BEGIN
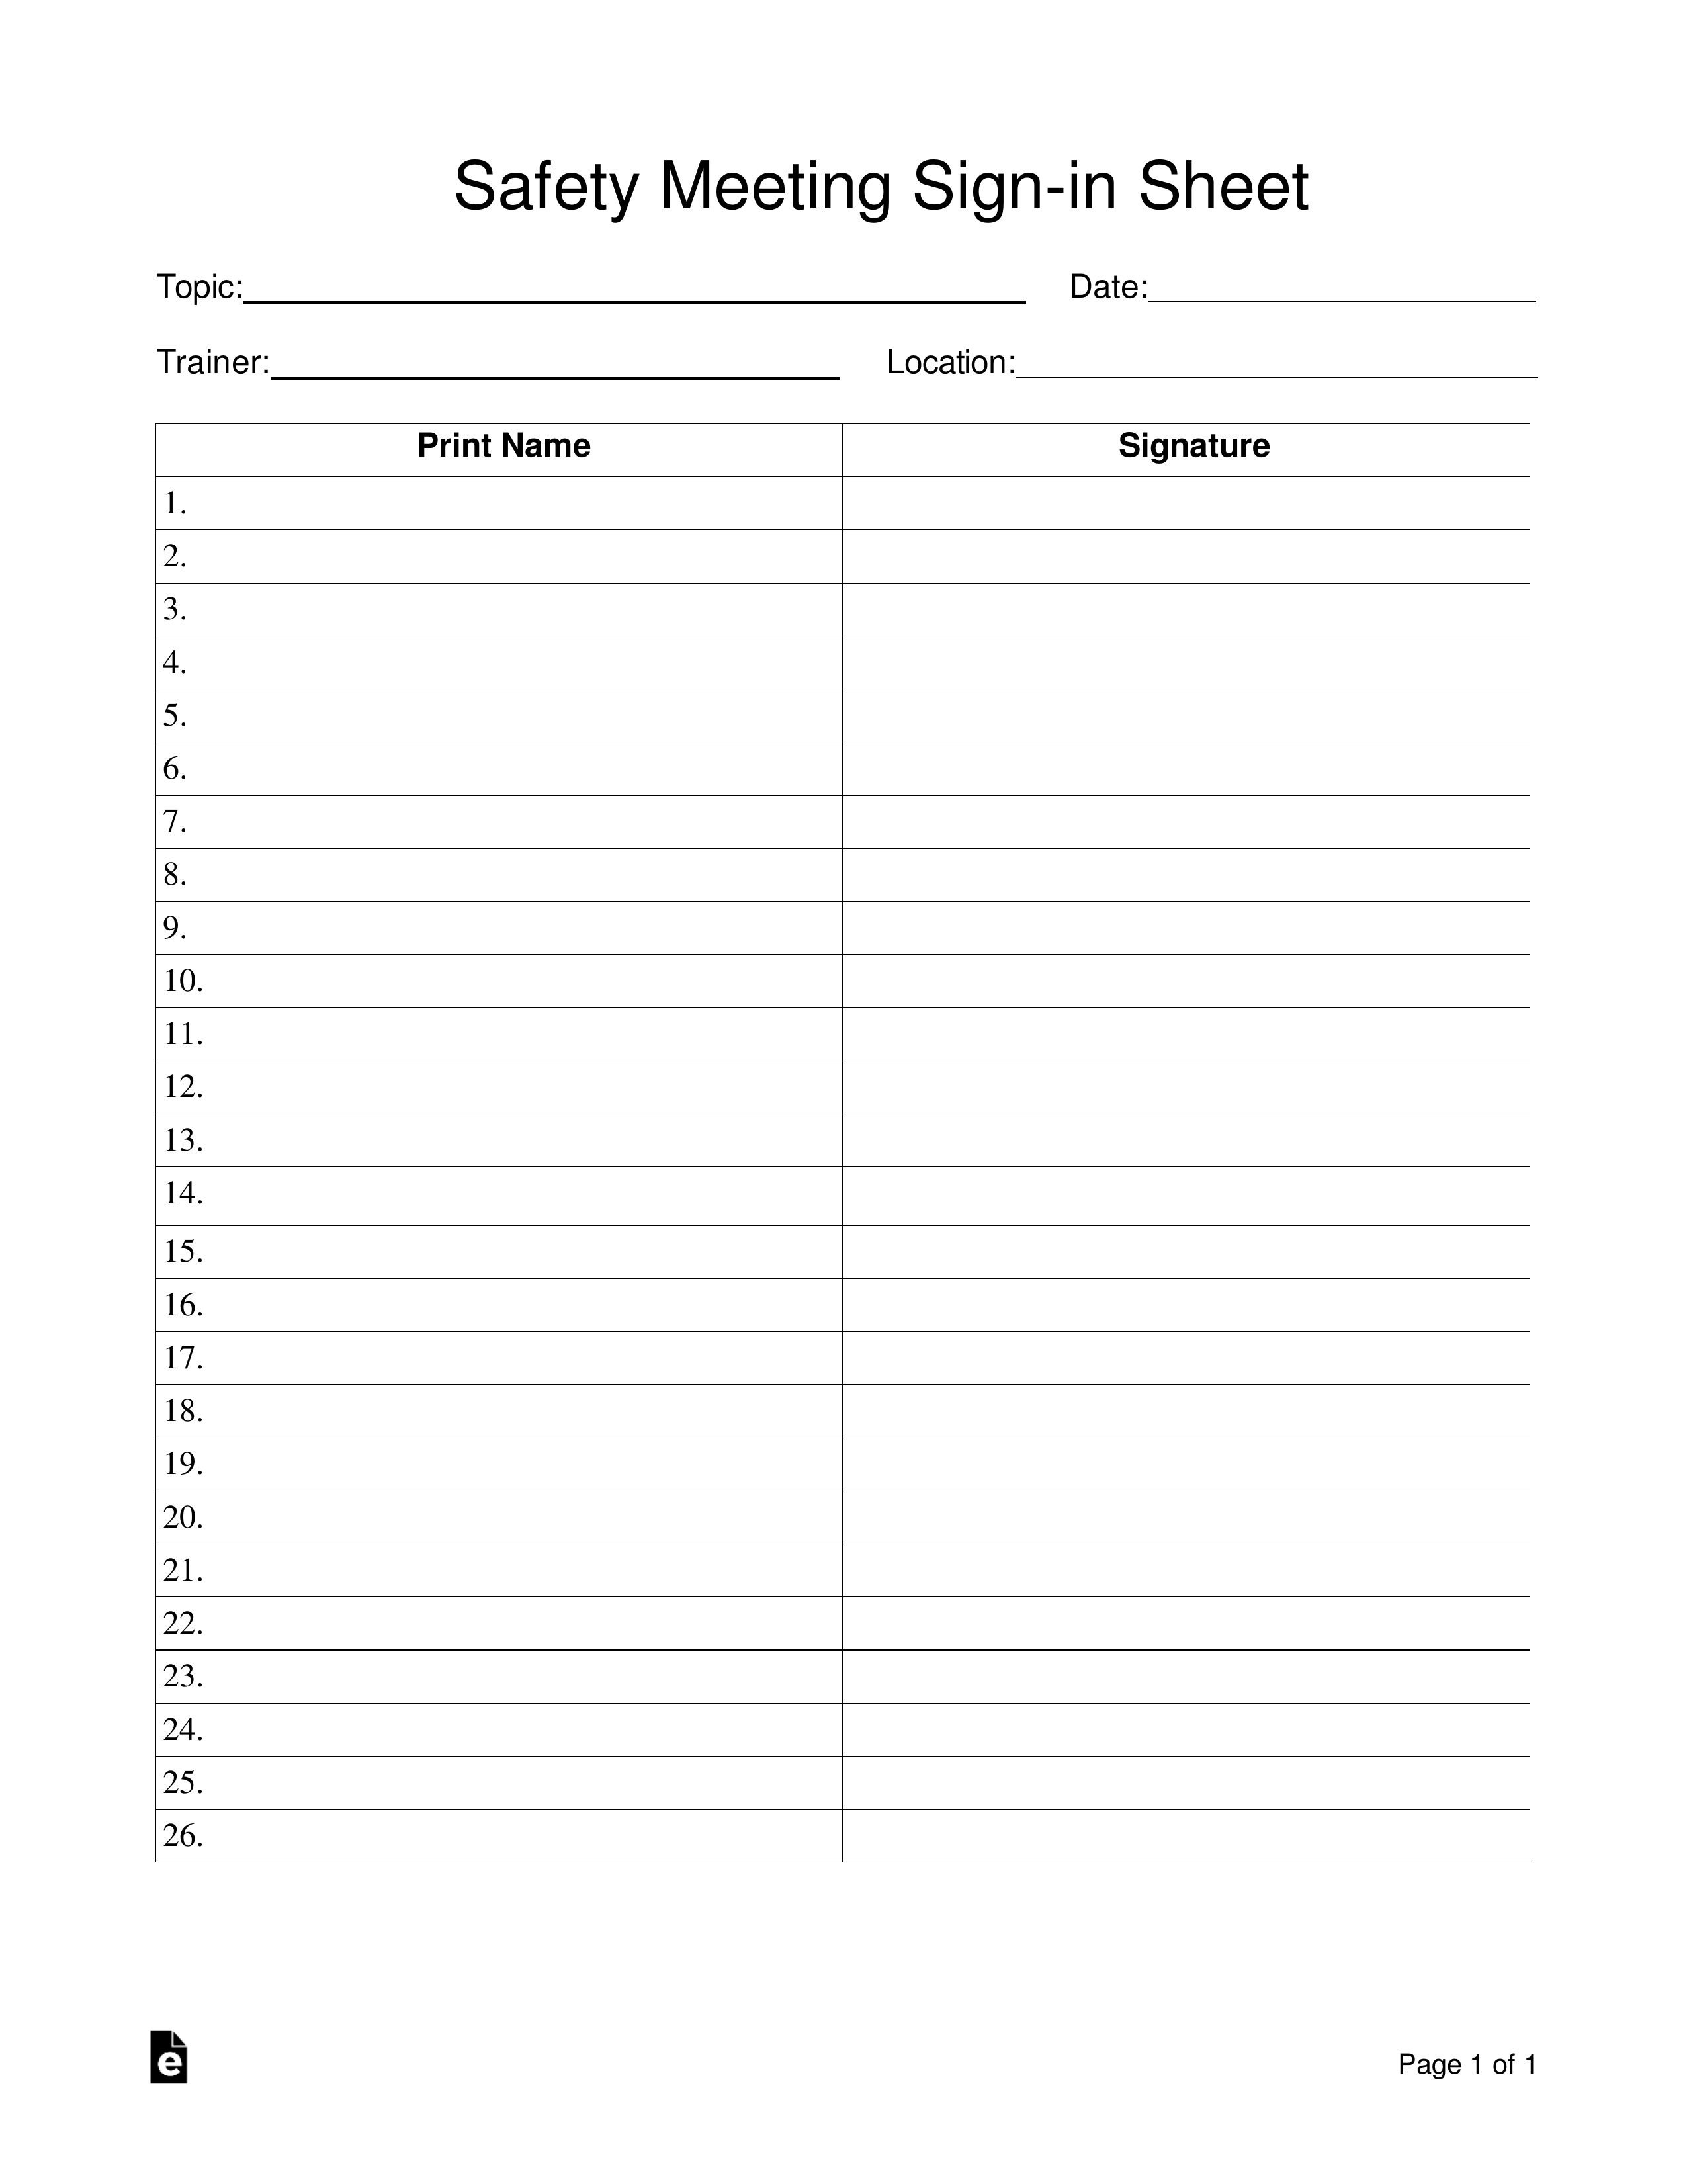 free-safety-meeting-sign-in-sheet-template-pdf-word-eforms-hot-sex
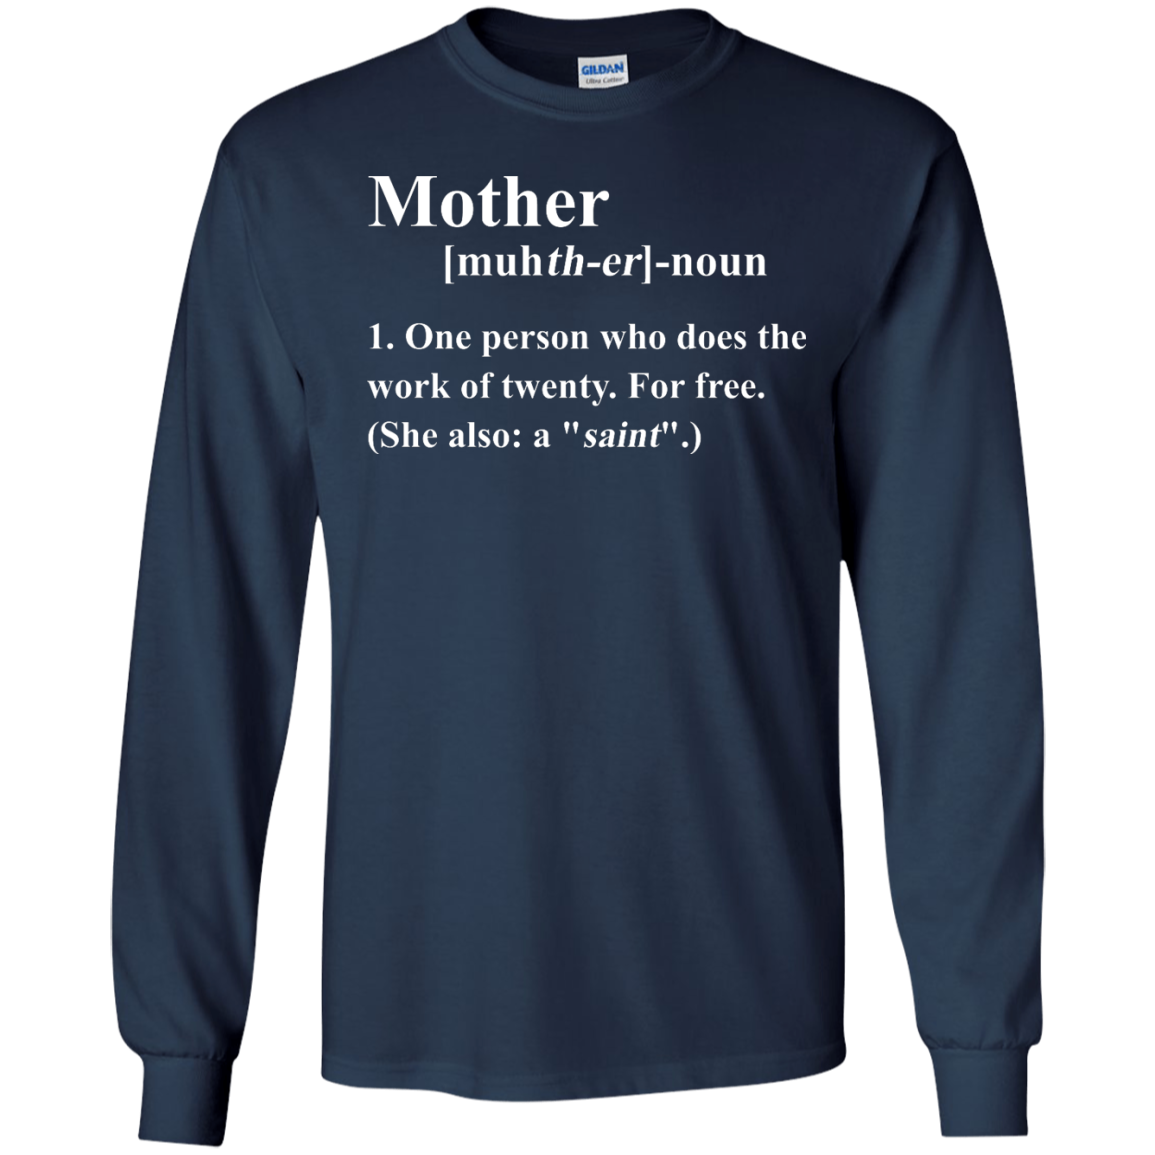 Mother Definition Shirt - One Person Who Does The Work Of Twenty
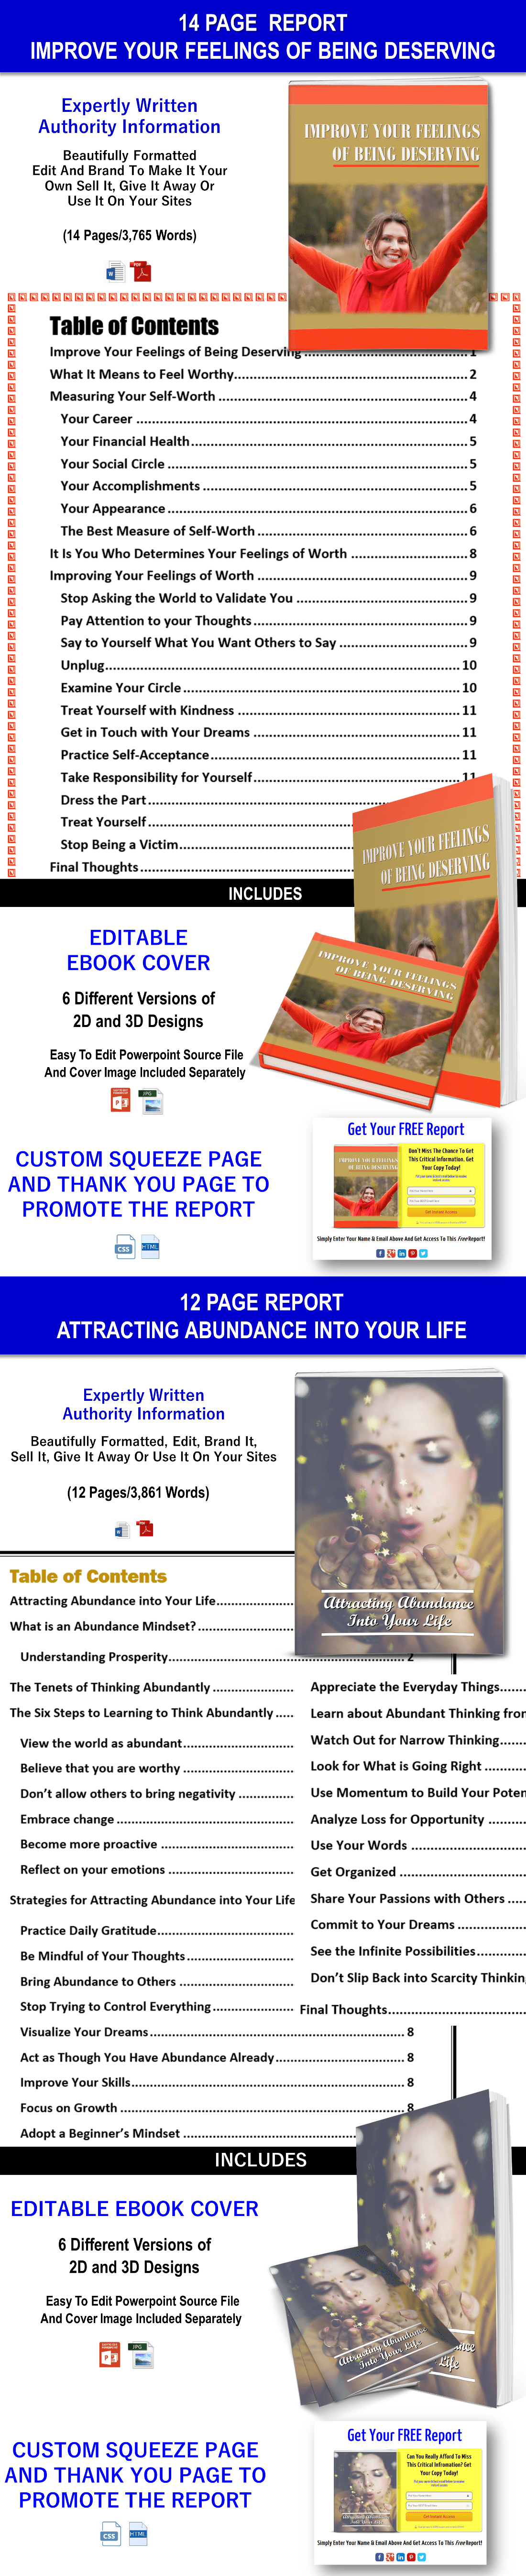 Ecourse - From Comfort Zone To Courage Zone – Transform Your Life By Taking Smart And Calculated Risks Content Pack with PLR Rights
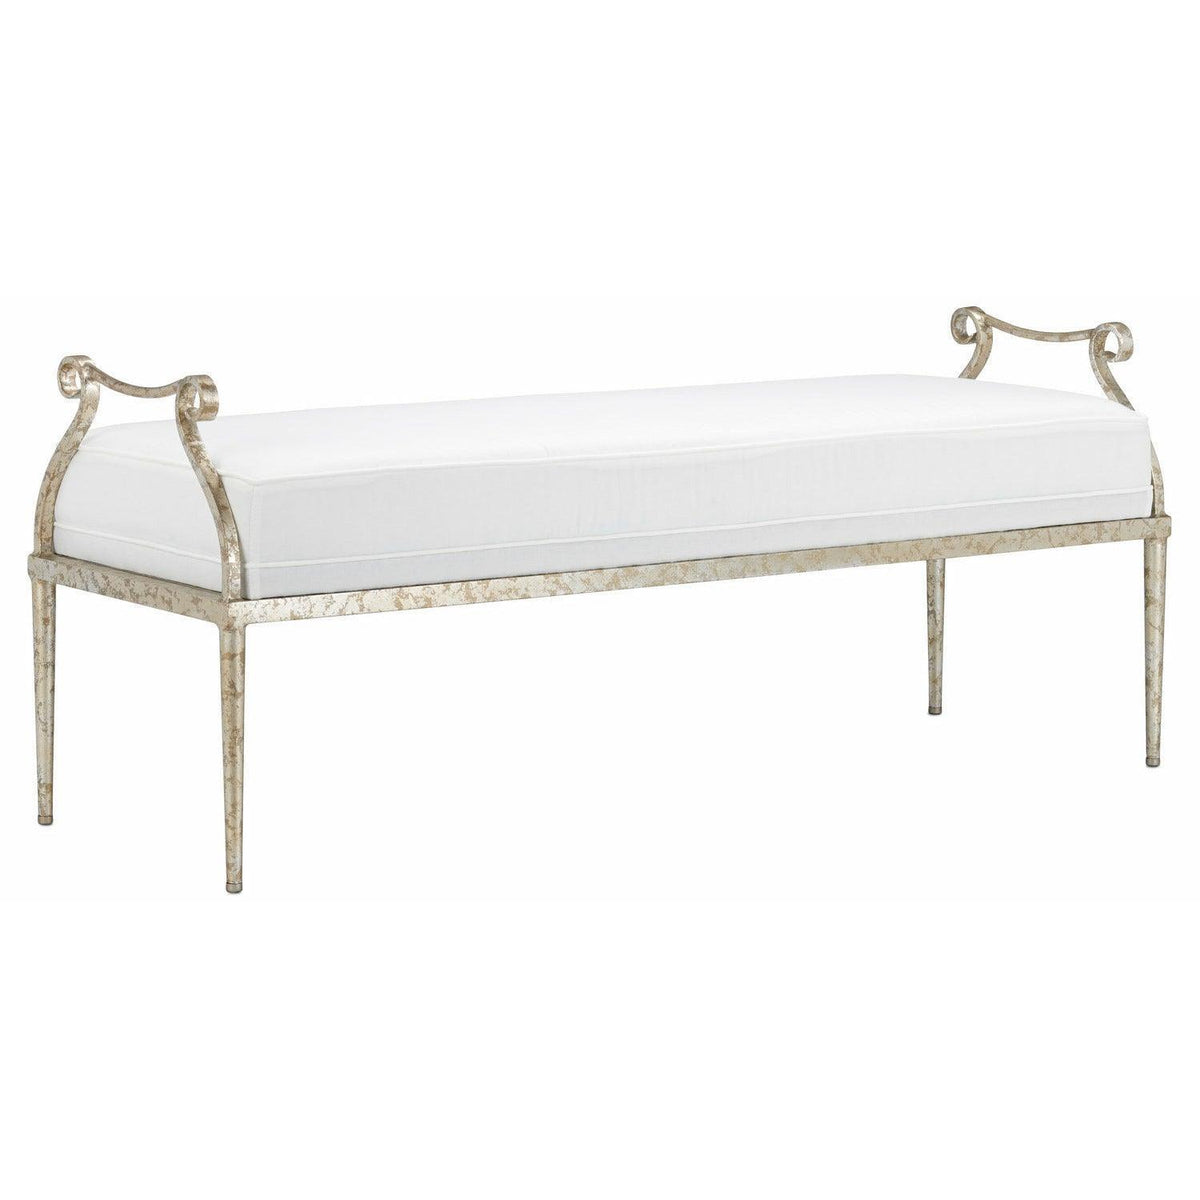 Currey and Company - Genevieve Bench - 7000-0001 | Montreal Lighting & Hardware
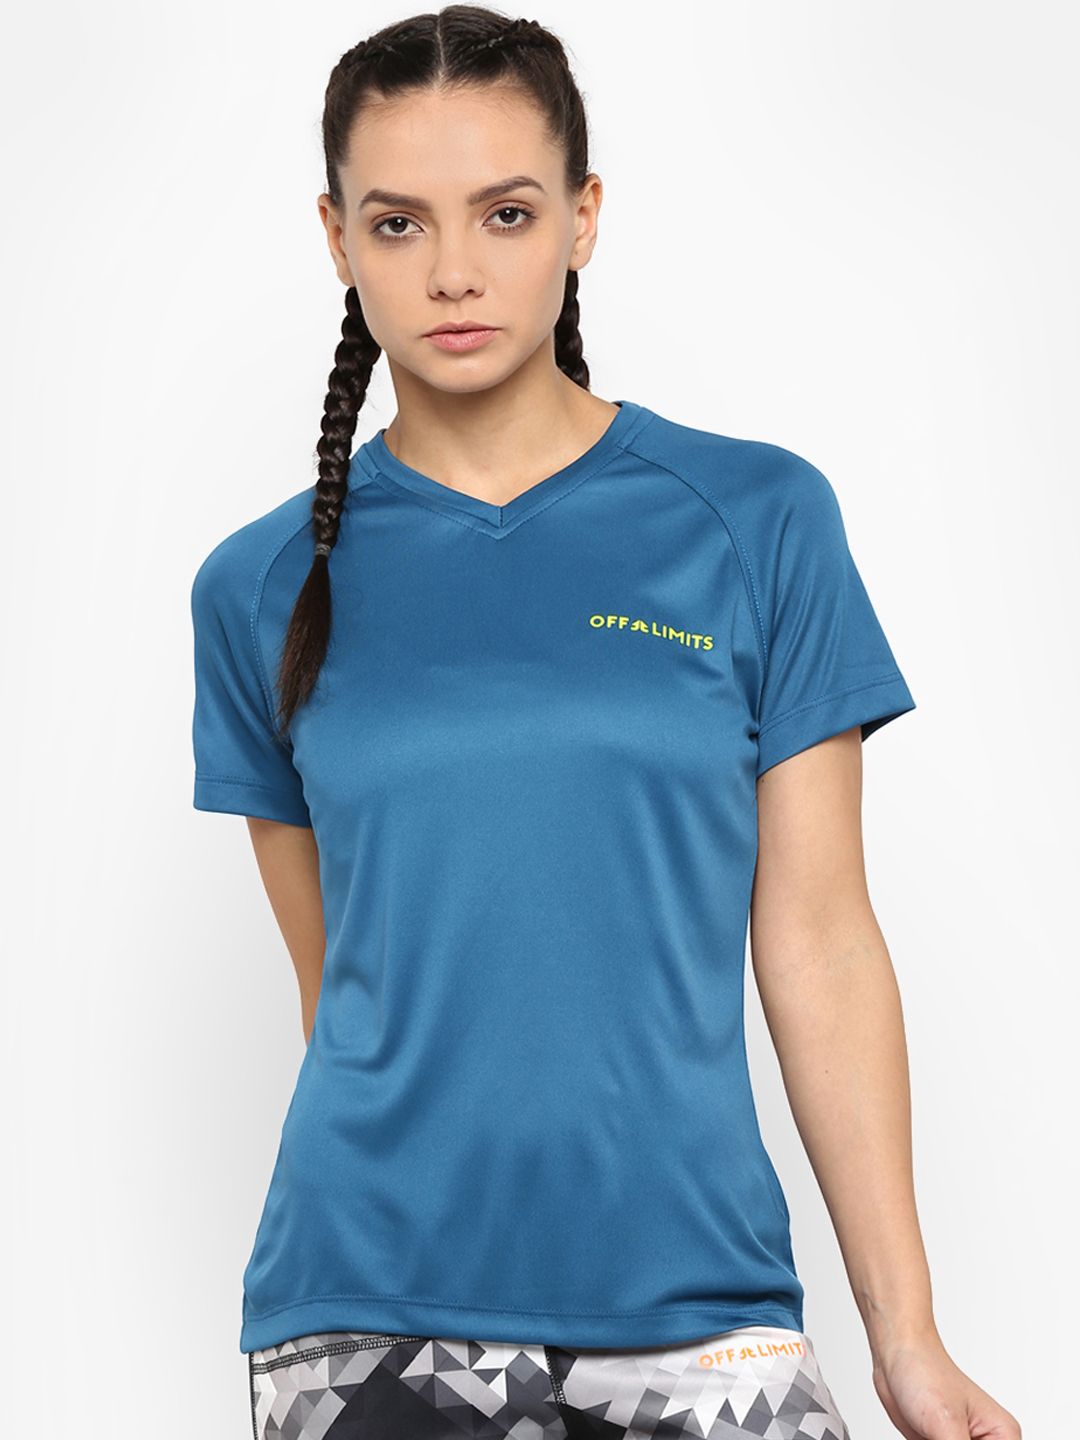 OFF LIMITS Women Blue Solid V-Neck T-shirt Price in India
END
■ Instructions for the task ■
Strip out the images, then output the records above word for word.

■ Problem solution ■
 free-safety-meeting-sign-in-sheet-template-pdf-word-eforms-hot-sex
 Mother Definition Shirt - One Person Who Does The Work Of Twenty
 Ecourse - From Comfort Zone To Courage Zone – Transform Your Life By Taking Smart And Calculated Risks Content Pack with PLR Rights
 Currey and Company - Genevieve Bench - 7000-0001 | Montreal Lighting & Hardware
 OFF LIMITS Women Blue Solid V-Neck T-shirt Price in India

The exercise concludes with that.